238 N.W. 4, 184 Minn. 126, 1931 Minn. LEXIS 1028
CourtSupreme Court of Minnesota
DecidedSeptember 18, 1931
DocketNo. 28,283.
StatusPublished
Cited by6 cases

This text of 238 N.W. 4 (Borum v. Minneapolis, St. Paul & Sault Ste. Marie Railway Co.) is published on Counsel Stack Legal Research, covering Supreme Court of Minnesota primary law. Counsel Stack provides free access to over 12 million legal documents including statutes, case law, regulations, and constitutions.

Bluebook
Borum v. Minneapolis, St. Paul & Sault Ste. Marie Railway Co., 238 N.W. 4, 184 Minn. 126, 1931 Minn. LEXIS 1028 (Mich. 1931).

Opinions

Dibell, J.

The plaintiff sustained an injury while working for the defendant in interstate commerce. He brought an action for damages. Issue was joined. The parties then entered into an agreement for arbitration of all the issues comprehended in the pleadings. The arbitrators awarded the plaintiff $12,500. It was a statutory arbitration. The court confirmed the award. Judgment was entered for the plaintiff, and the defendant appeals.

On December 11, 1928, the plaintiff, Borran, sustained the loss of both legs below the knees while employed as a switchman in the yards of the defendant at Minneapolis. His work was in interstate commerce. He brought suit under the federal employers liability act, 35 St. 65, 15 USCA, § 51, et seq. The arbitrators found the defendant’s negligence the proximate cause of the injury. No complaint is made of the finding.

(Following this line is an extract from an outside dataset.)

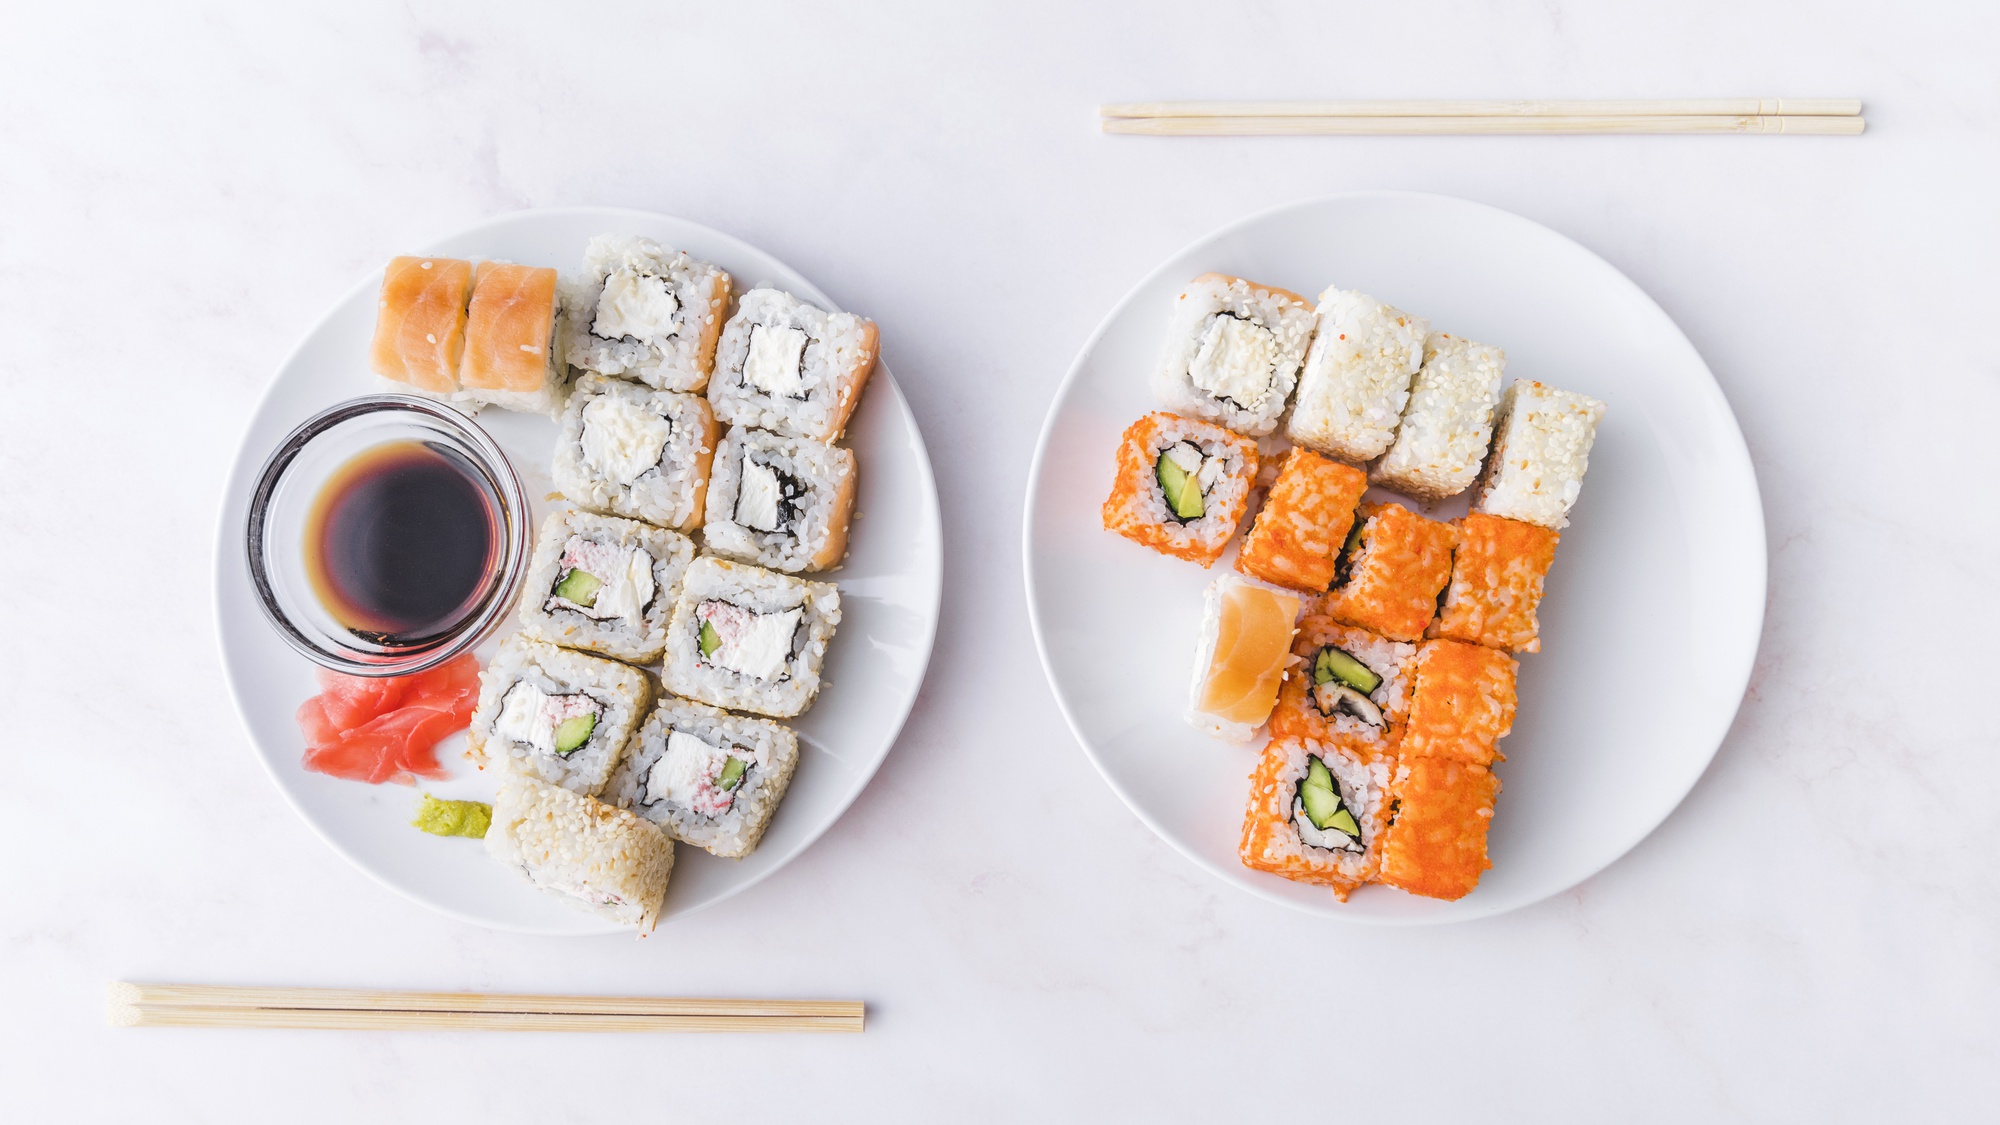 Surtido de sushi con palos vista superior

It was a part of the agreement of arbitration that the plaintiff should be paid $12,500 and that such sum should be retained whatever the finding of the arbitrators on the question of liability should be; and that if the decision of the arbitrators was in favor of the plaintiff on the merits they should make an award of $12,500. This was additional to the $12,500 mentioned before. Three arbitrators were chosen by the parties, from the bar of Minneapolis and St. Paul. They made their findings and, on a further hearing, supplemental findings, and awarded the plaintiff $12,500.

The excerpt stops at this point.